Retype the following data exactly, but leave its pictures out.

Given material
------------------------------

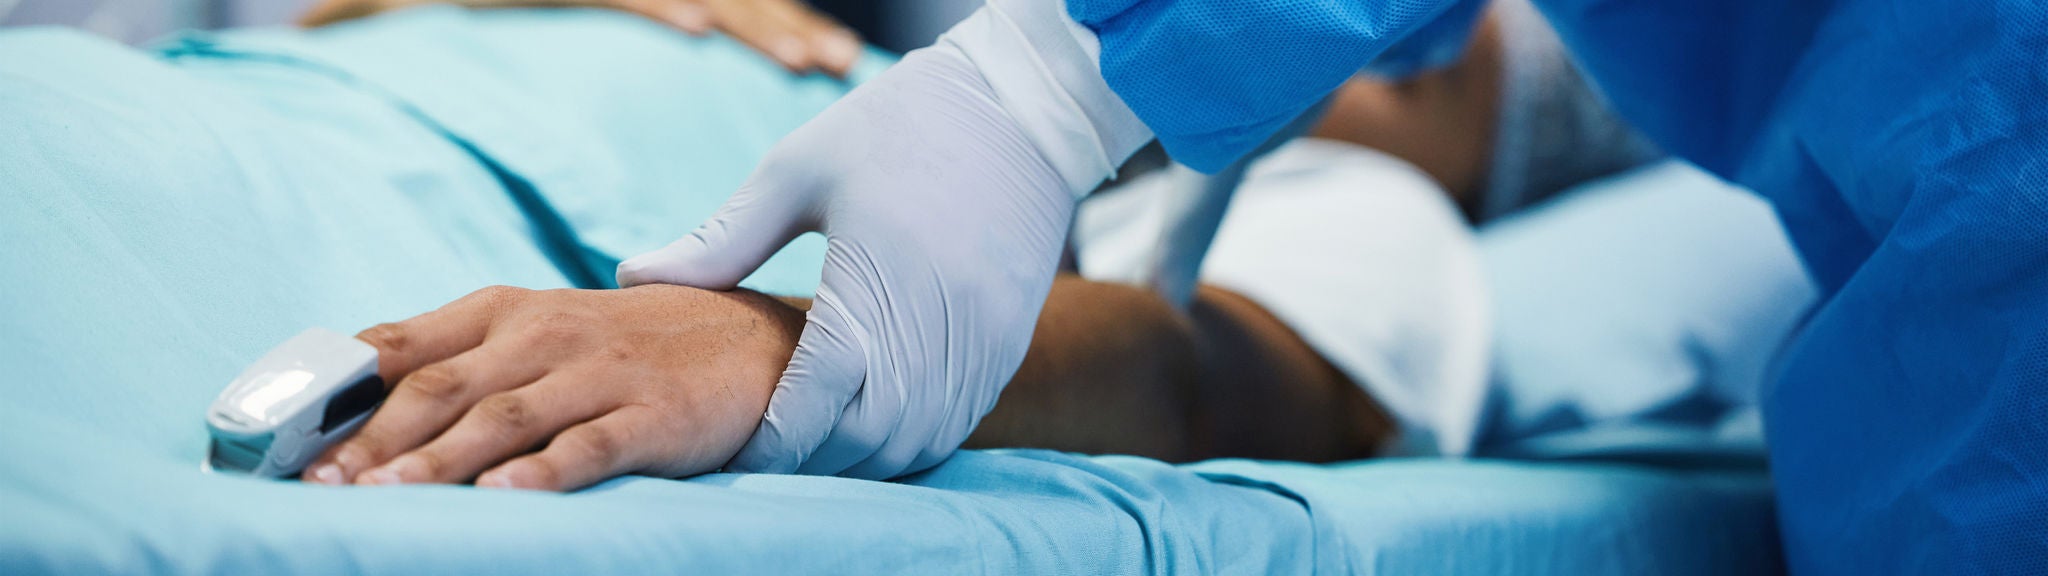 Ein Arzt mit Handschuhen hält den Arm eines Patienten auf der Intensivstation.
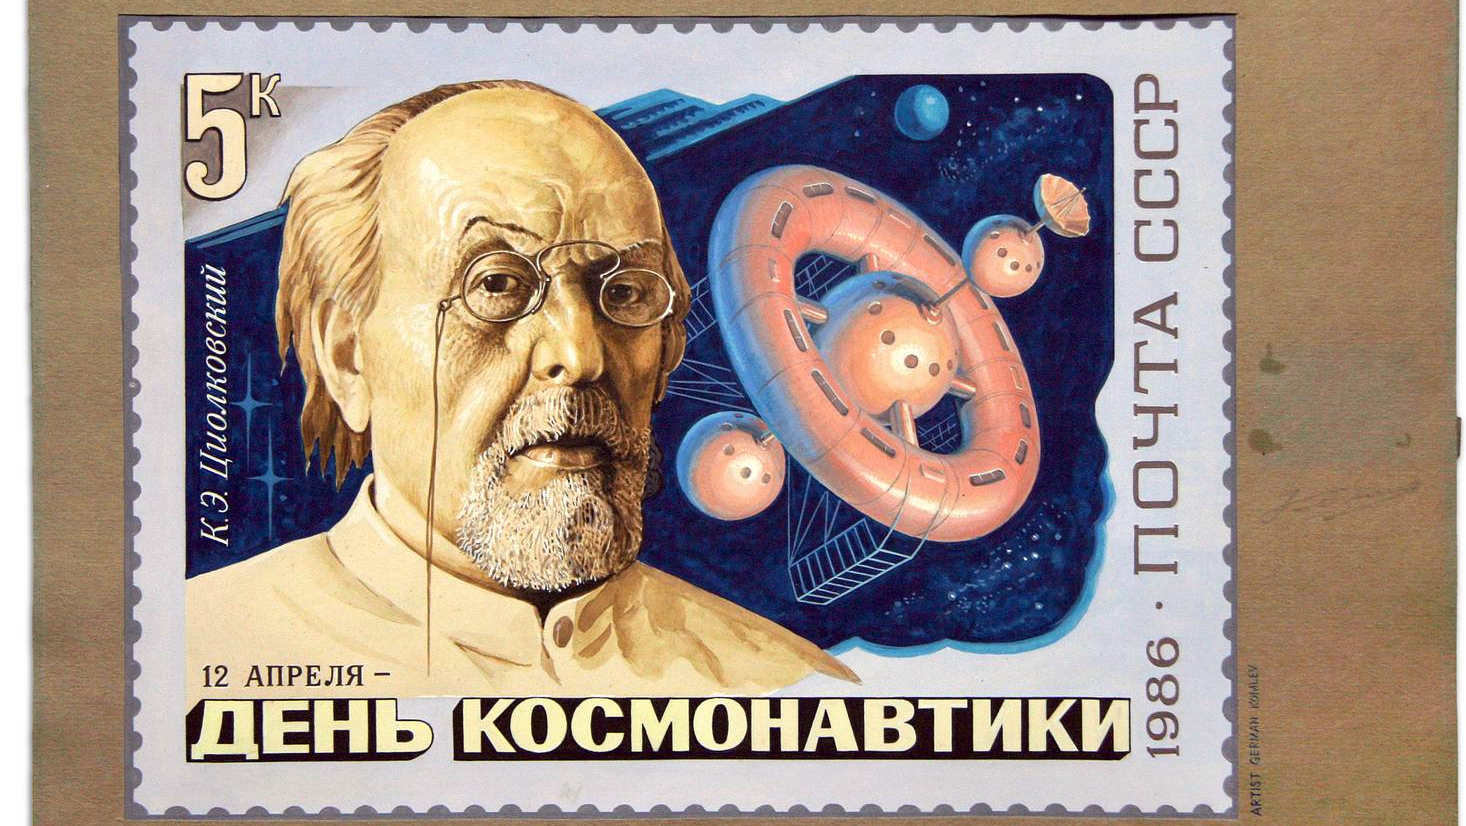 Циолковский позвал человечество в космическое будущее | ИА Красная Весна
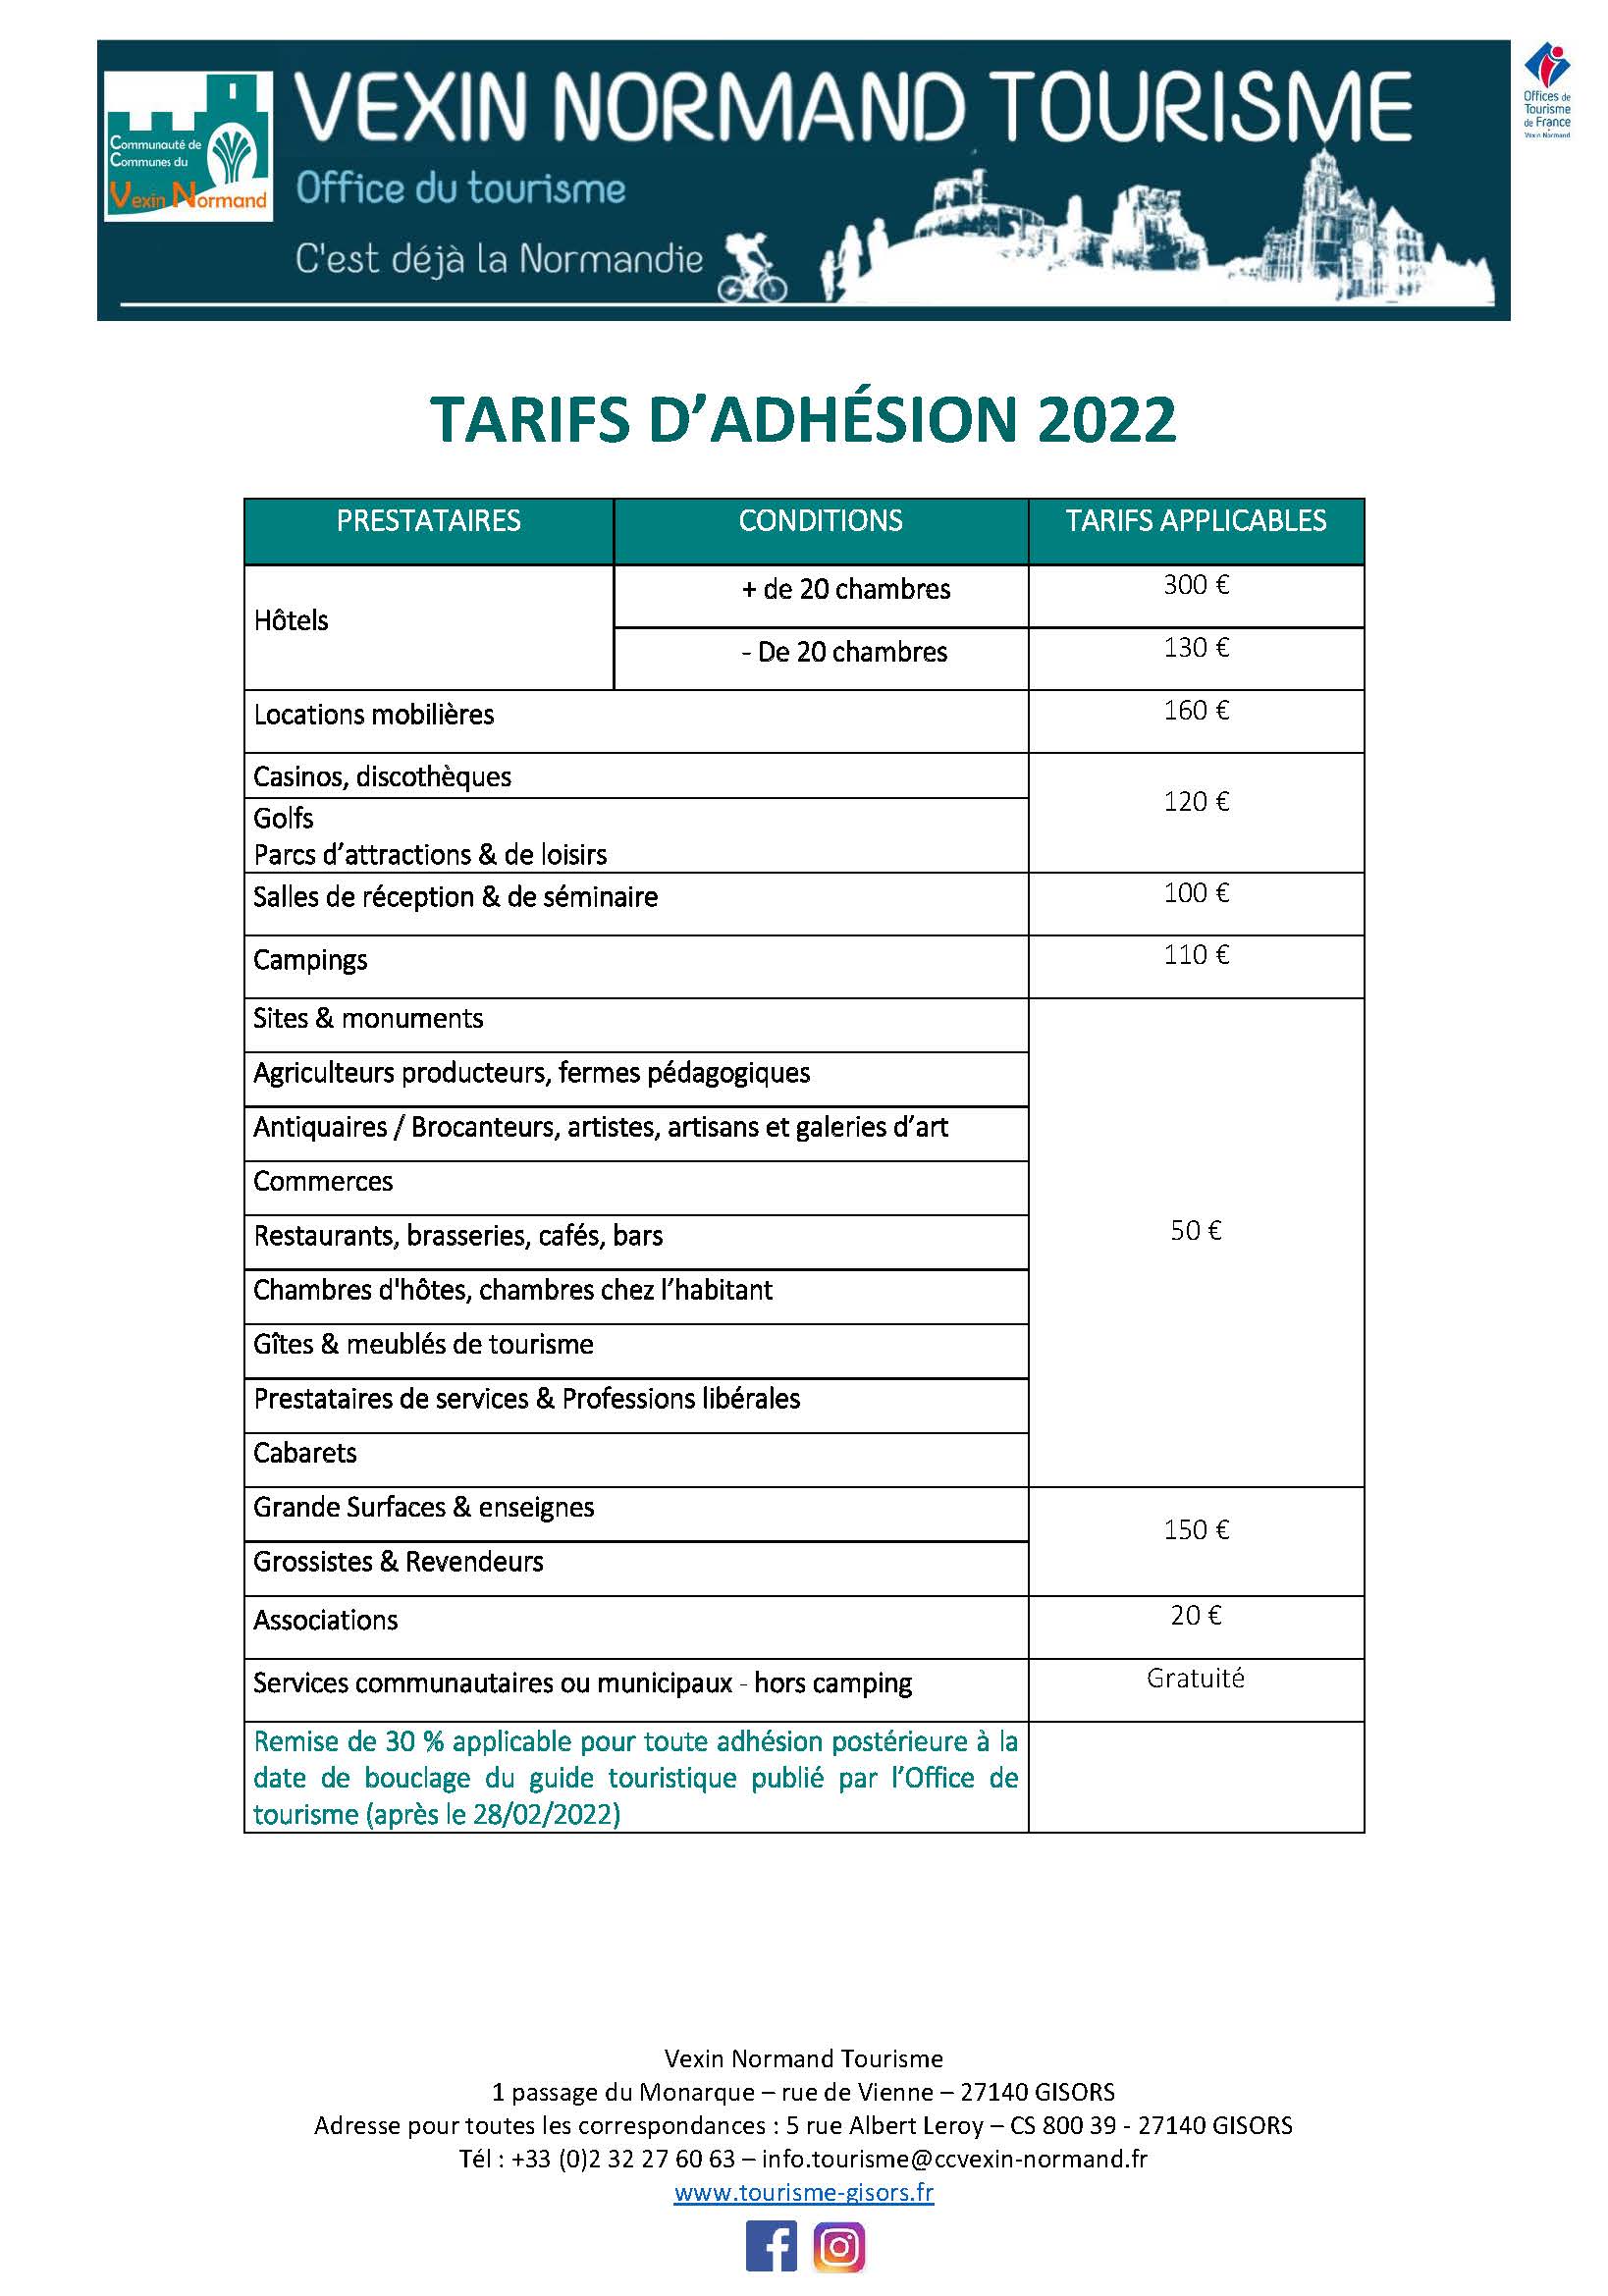 Tarifs adhésion 2022 Vexin Normand Tourisme

------------------------------

Result of the task
 Ein Arzt mit Handschuhen hält den Arm eines Patienten auf der Intensivstation.
 Циолковский позвал человечество в космическое будущее | ИА Красная Весна
 Tarifs adhésion 2022 Vexin Normand Tourisme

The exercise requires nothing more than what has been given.